Due to InnoDB’s special indexing mechanism, InnoDB locks primary key indexes when database operations use primary key indexes. When InnoDB uses a non-primary key index, InnoDB locks the non-primary key index first and then the primary key index.

As shown in the figure below, field A is the primary key and field B is an attribute. When InnoDB locks non-primary key index B, it also locks its corresponding primary key index, so if InnoDB locks non-primary key index B with value 2 and 3, then InnoDB also locks its corresponding primary key index A with value 6 and 5.

Deadlock situations can occur in this case, as shown in the following figure:

Why InnoDb can implement row locking?

InnoDB because of the existence of the clustering index, all the query finally certainly is a clustering index (both hit the index, and a full table scan), the last is to get the data through clustering index, thus row-level locks will eventually add on clustering index, thus ensure the, there will be no row-level locks and a full table scan conflict problems.

The deadlock problem

Deadlocks occur when multiple transactions simultaneously hold and request locks on the same resource resulting in circular dependencies.
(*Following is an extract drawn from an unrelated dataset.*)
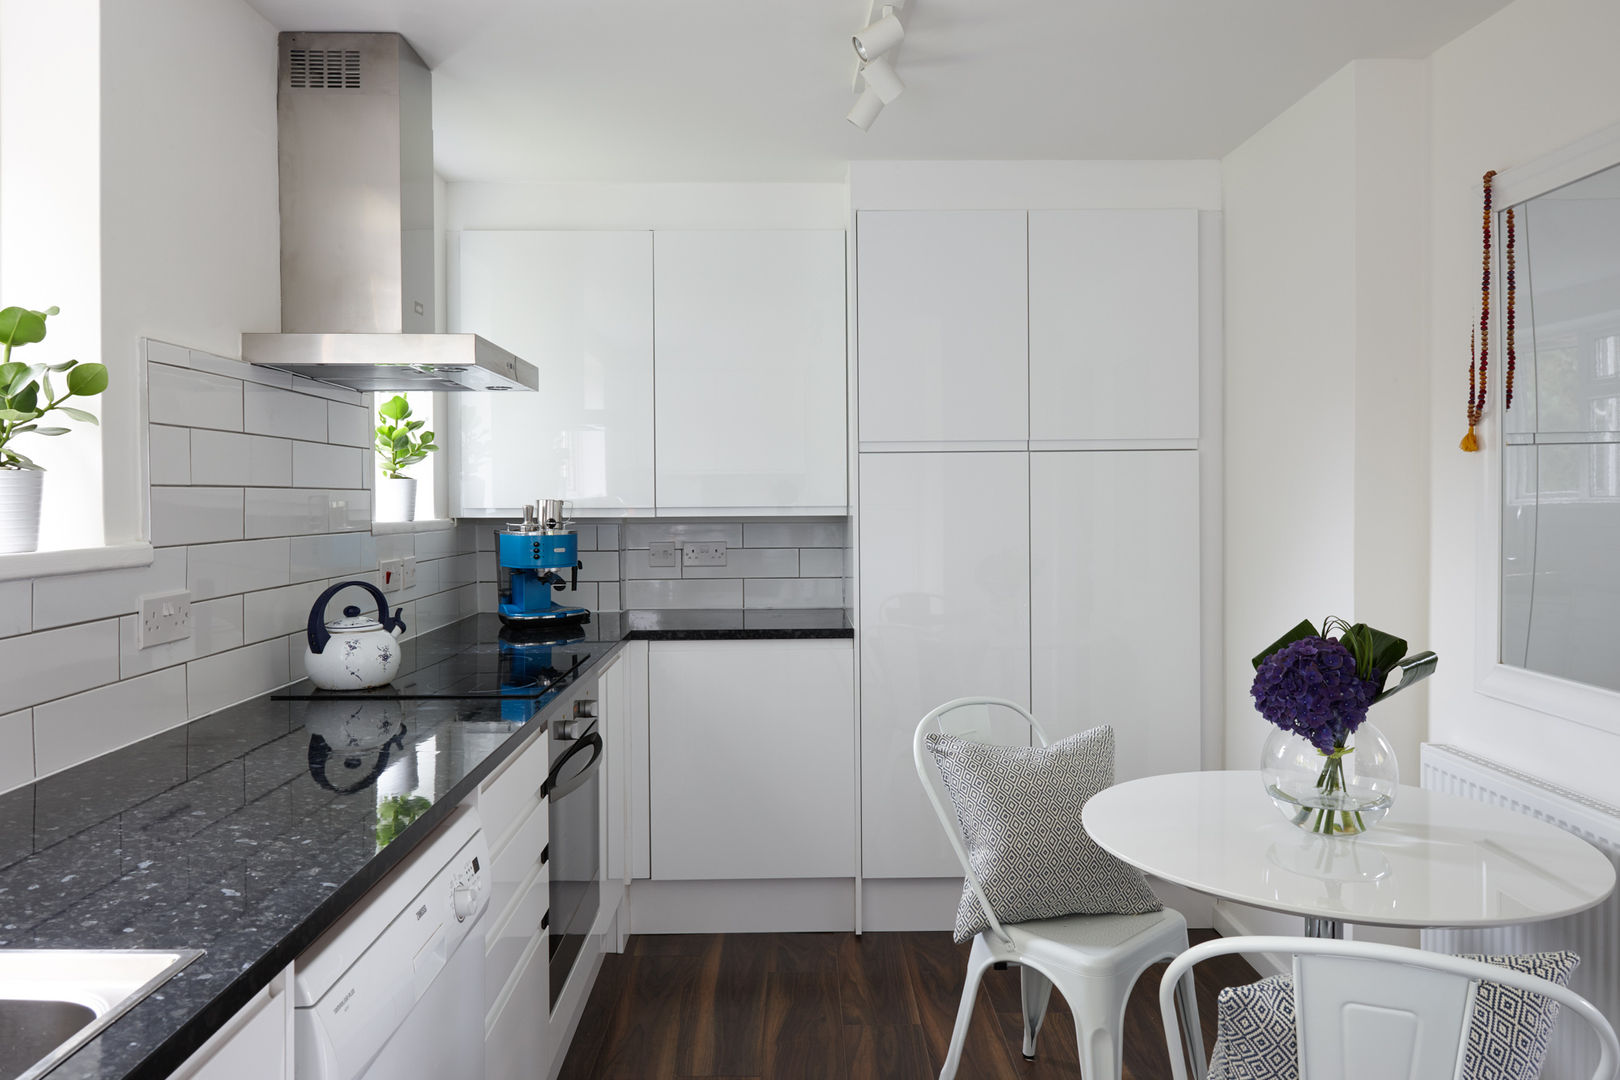 Virginia Water Apartment - Surrey Bhavin Taylor Design مطبخ kitchen,white,high gloss,blue,black,dining table,dining chairs,kettle,coffee machine,extractor fan

So transaction A locks row X, and then needs to lock row Y, and then transaction B locks row Y, and needs to lock row x. Thus, A and B transactions are waiting for each other to lock, causing A deadlock.

In InnoDb, row-level locking is more prone to deadlocks.

The show engine Innodb status command displays deadlock logs

How does Mysql handle deadlocks

Mysql itself can solve deadlock problems.

MySQL has two ways to handle deadlocks:

  • Wait until timeout (innodb_lock_WAIT_timeout =50s).
  • Initiate deadlock detection that actively rolls back one transaction to allow other transactions to continue (innodb_deadlock_detect=on).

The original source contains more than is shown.